February 4, 2011 3 min read Download Report
David Muhlhausen
David Muhlhausen
Research Fellow in Empirical Policy Analysis
David B. Muhlhausen is a veteran analyst in The Heritage Foundation’s Center for Data Analysis.

Under the Trade Adjustment Assistance (TAA) program, workers who lost their jobs due to foreign trade are eligible for job training, relocation allowances, and income maintenance while they attempt to shift into new occupations. TAA provides overly generous benefits for only a small fraction of laid-off workers.[1] However, is there any evidence that this assistance and training improves earnings based on newly acquired job skills? Program evaluations of TAA say no.

Three quasi-experimental impact evaluations indicate that TAA is ineffective in raising the wages of participants. Thus, Congress should let this costly and ineffective program expire by not reauthorizing the program.

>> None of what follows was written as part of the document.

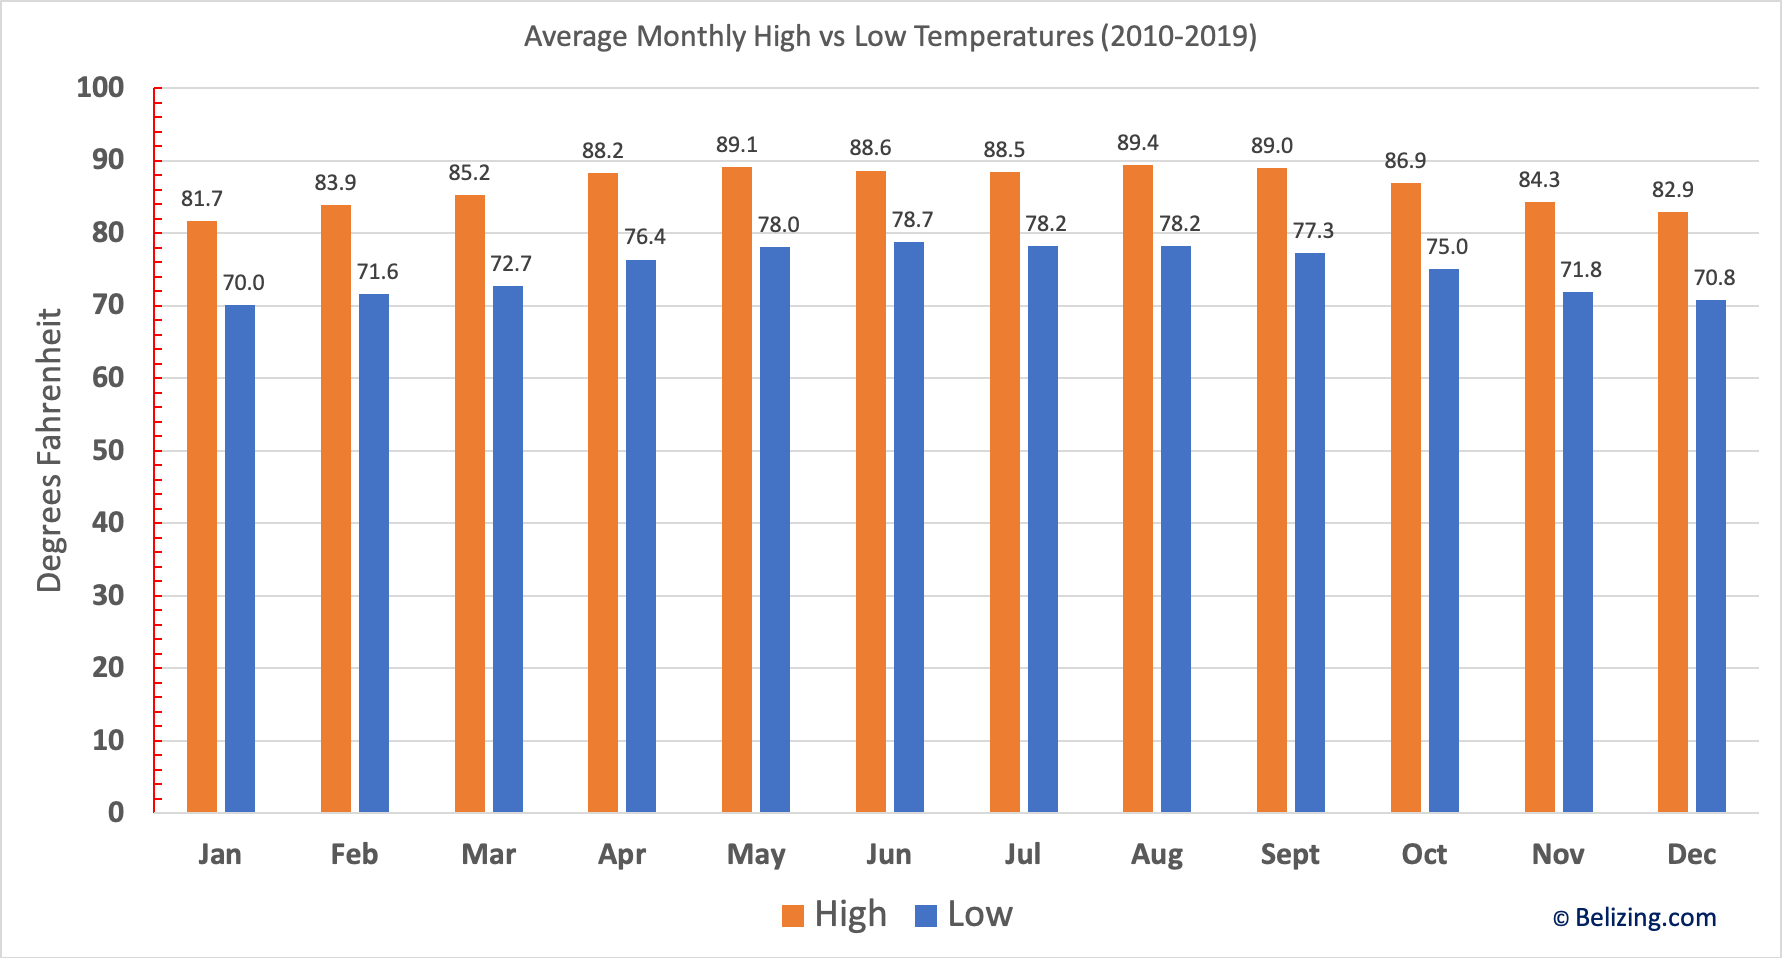 Average Monthly Temperatures in Belize - Fahrenheit

Trade Adjustment Assistance

Prior to the passage of the American Recovery and Reinvestment Act (ARRA) of 2009, eligible displaced workers enrolled in full-time training could receive up to 104 weeks (two years) of cash payments. A displaced worker requiring remedial education could receive an additional 26 weeks (six months) of cash payments while enrolled in training.

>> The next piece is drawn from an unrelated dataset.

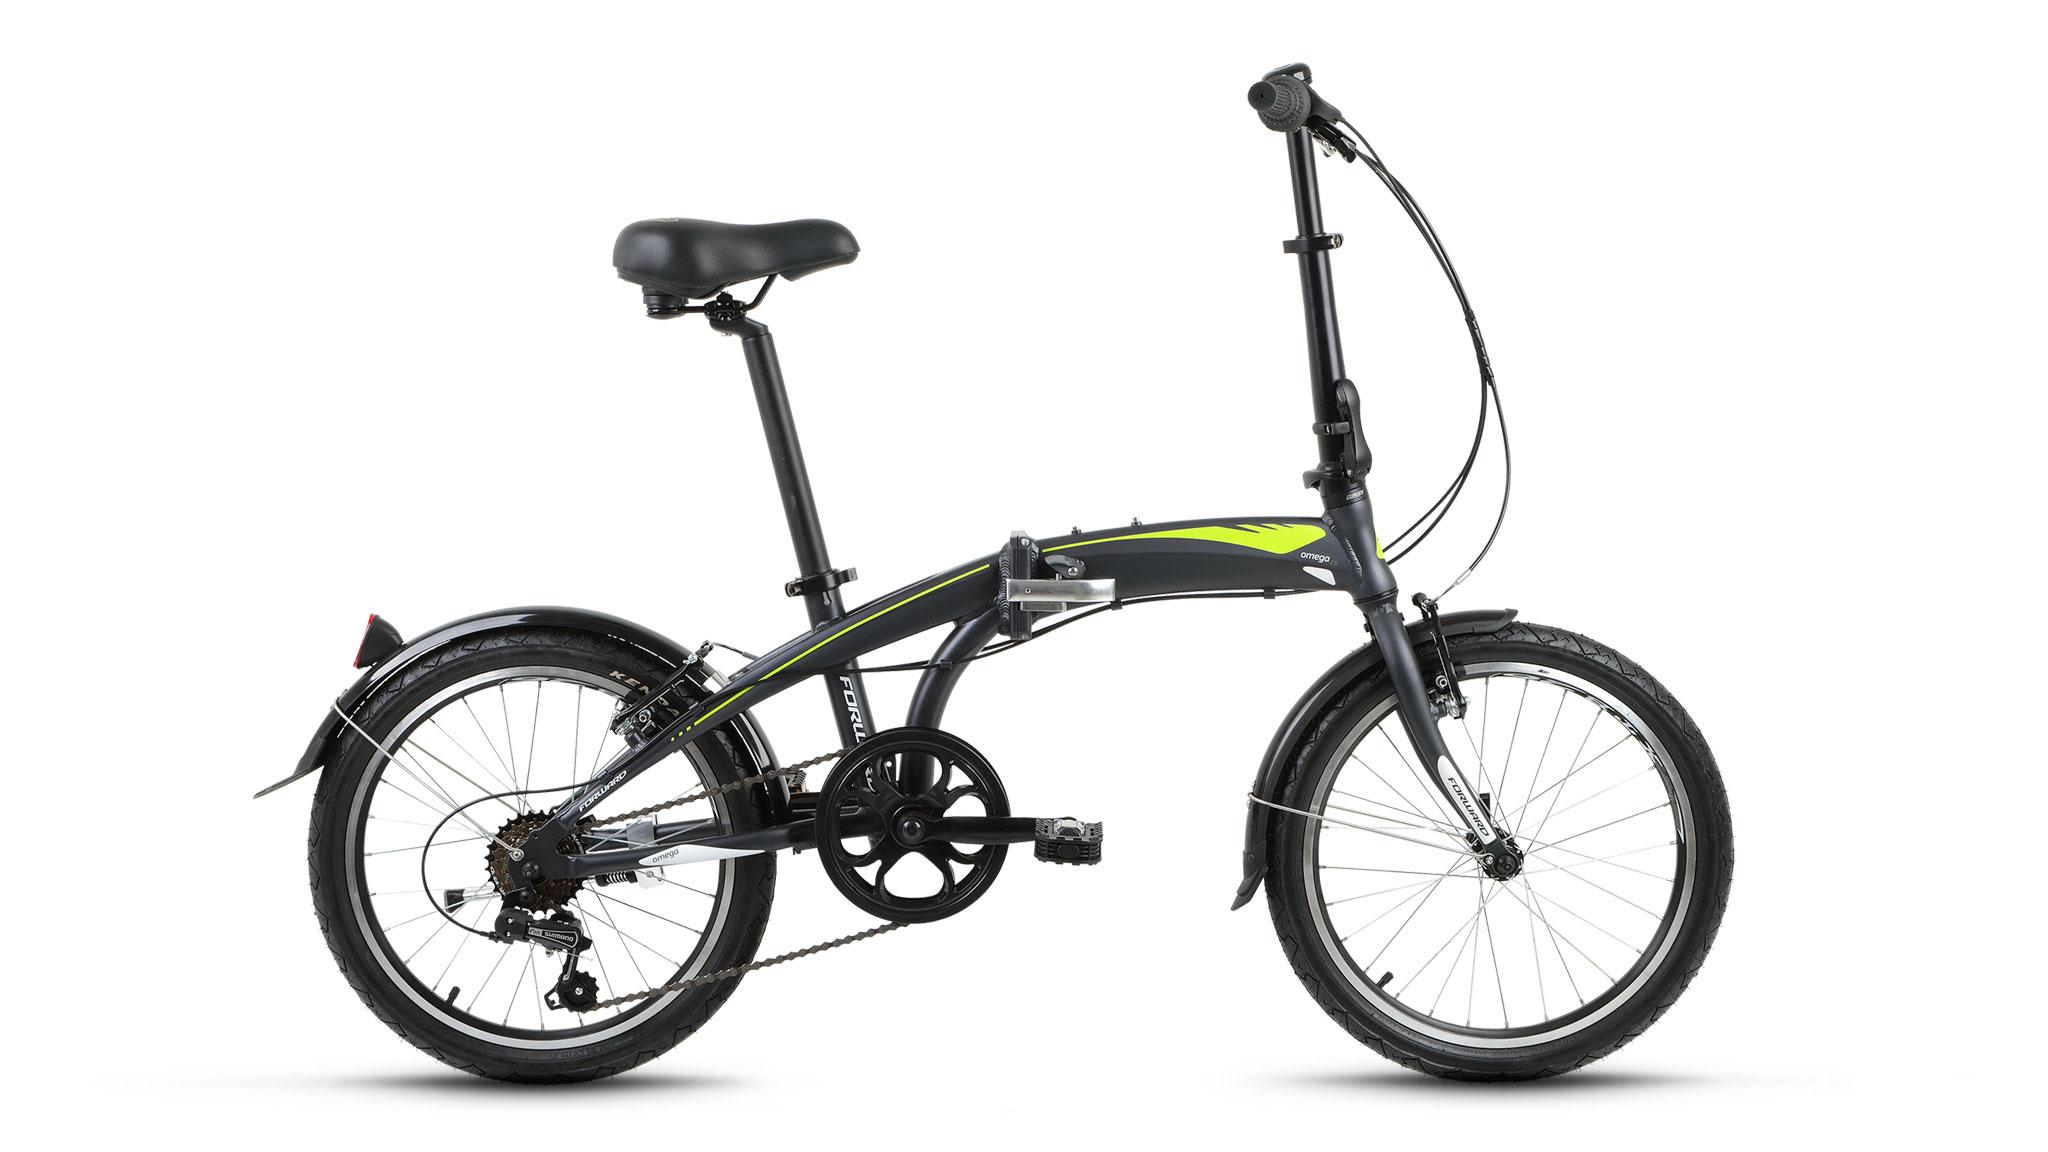 Фото Велосипед Forward Omega 2.0 (2017) зеленый 12

ARRA extended the number of weeks newly eligible displaced workers can receive cash payments. Newly displaced workers can receive up to 130 weeks (two and a half years) of cash payments while enrolled in full-time training, while newly displaced workers requiring remedial education can receive up to 156 weeks (three years) of cash payments while in remedial training. ARRA also expanded the definition of eligibility to include any unemployed worker whose firm transferred production to a foreign nation. More egregiously, laid-off public-sector employees are now eligible for TAA assistance.

In fiscal year 2010, the U.S. Department of Labor estimated that the TAA program covered 280,873 displaced workers.[2] During this period, $1.1 billion in Trade Readjustment Allowances (TRA), similar to unemployment insurance, was appropriated.[3] In addition to the TRA appropriation, Congress allocated over $975 million to fund other TAA services, including $575 million for job training.[4]

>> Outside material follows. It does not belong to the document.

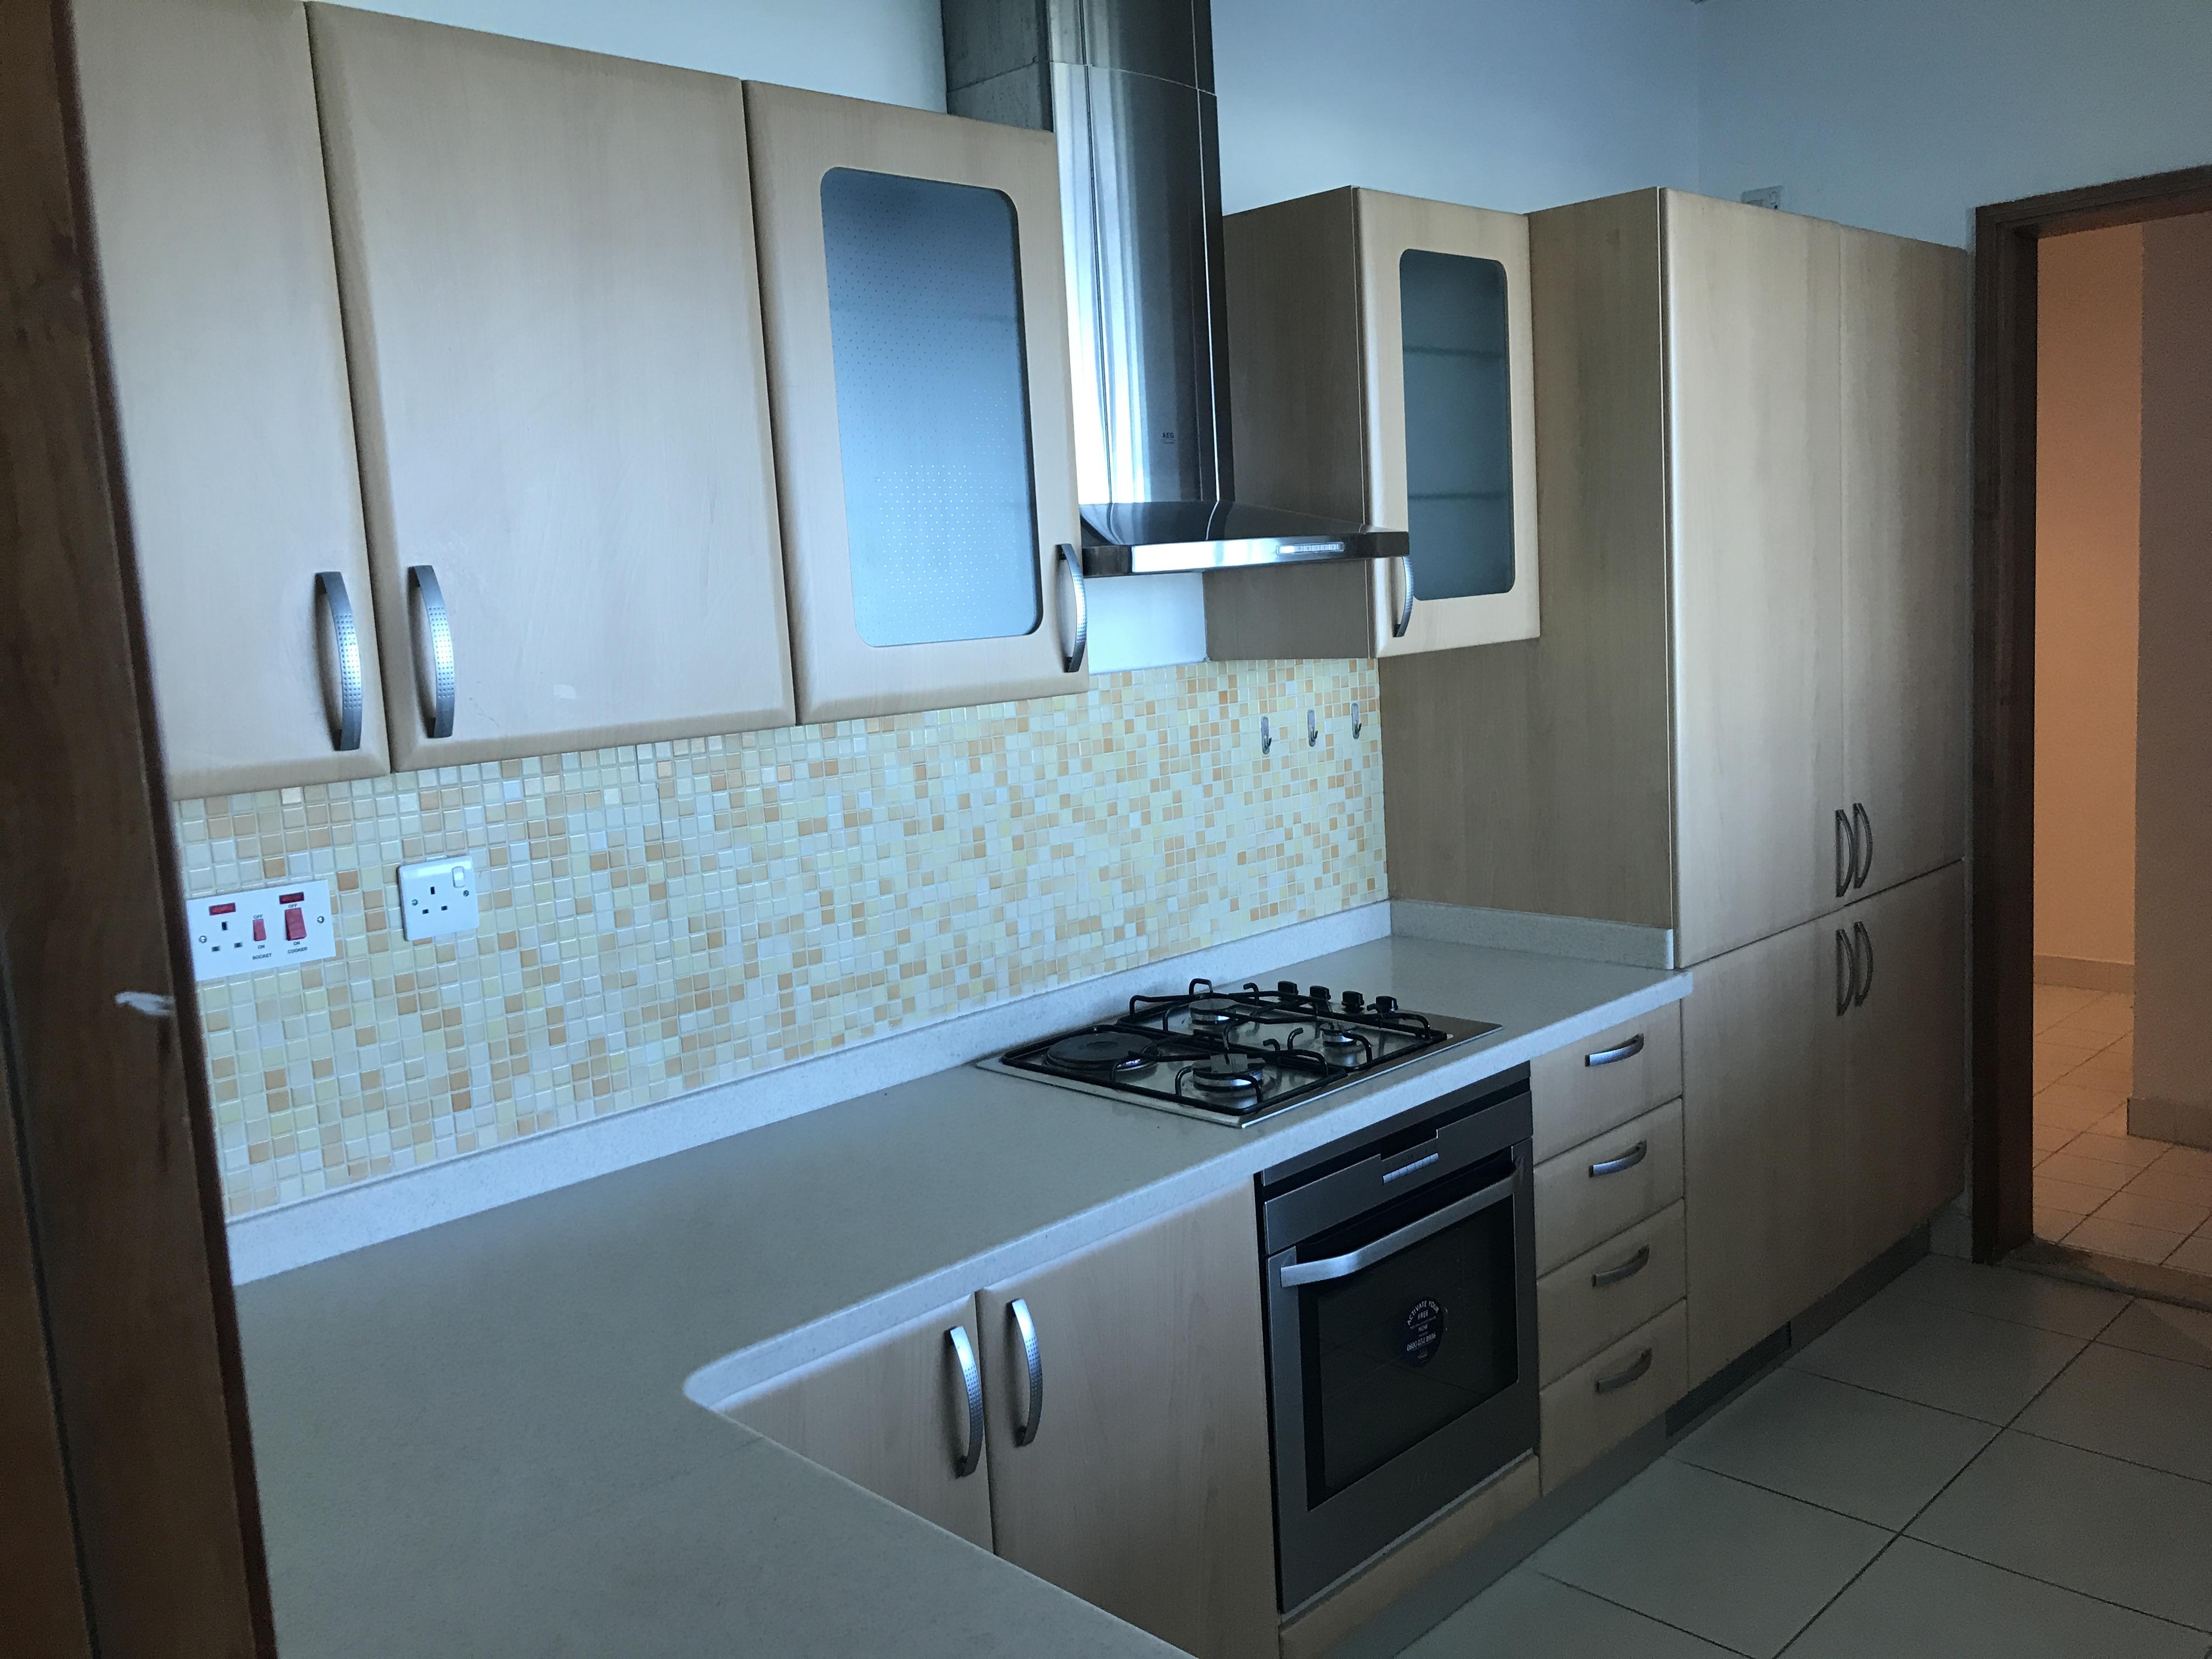 Lulwa Kitchen 2

At periodic intervals, TAA needs to be reauthorized by Congress for its continuance. The passage of the Omnibus Trade Act of 2010 set the expiration date for the TAA expansion under ARRA at February 13, 2011. If the expansion is not extended by Congress, the benefits and eligibility requirements revert to their original status before ARRA was enacted. However, recent press reports suggest there was a drafting error in the Omnibus Trade Act.[5] According to these press reports, other TAA programs will expire on February 12, 2011.

TAA Impact Evaluations

Three quasi-experimental impact evaluations indicate that TAA is ineffective in raising the wages of participants.[6]

Using a quasi-experimental design, Paul T. Decker of Mathematica Policy Research and a colleague evaluated the impact of TAA job training on earnings outcomes.[7] After comparing TAA job-training recipients to TAA non-training recipients, the authors found that participating in TAA training had no effect on raising the earnings of participants.

An evaluation using quasi-experimental methods by Professor Leah E. Marcel of California State University, Northbridge, compared TAA training participants to TAA non-trainees and those who had exhausted their Unemployment Insurance (UI).[8] Compared to UI exhaustees and TAA non-trainees, the newly acquired skills by TAA job-training participants failed to translate into higher wages.[9] However, TAA trainees were 12 percent and 9 percent more likely to find employment than TAA non-trainees and UI exhaustees, respectively.[10]

Another evaluation using a propensity score analysis by Professor Kara M. Reynolds of American University and a colleague found “little evidence that it helps displaced workers find new, well-paying employment opportunities.”[11] Specifically, the authors compared employment and wage outcomes of TAA participants to a sample of displaced workers from the Current Population Survey. Finding that TAA participants experienced a wage loss of 10 percent, the authors conclude that the negative impact “is obviously not the result one would expect from a program designed to help displaced workers.”[12] However, the authors did find that TAA training participants had a reemployment rate of 83.9 percent, compared to the 73.7 percent reemployment rate of the comparison group—a difference of 10.2 percent.[13]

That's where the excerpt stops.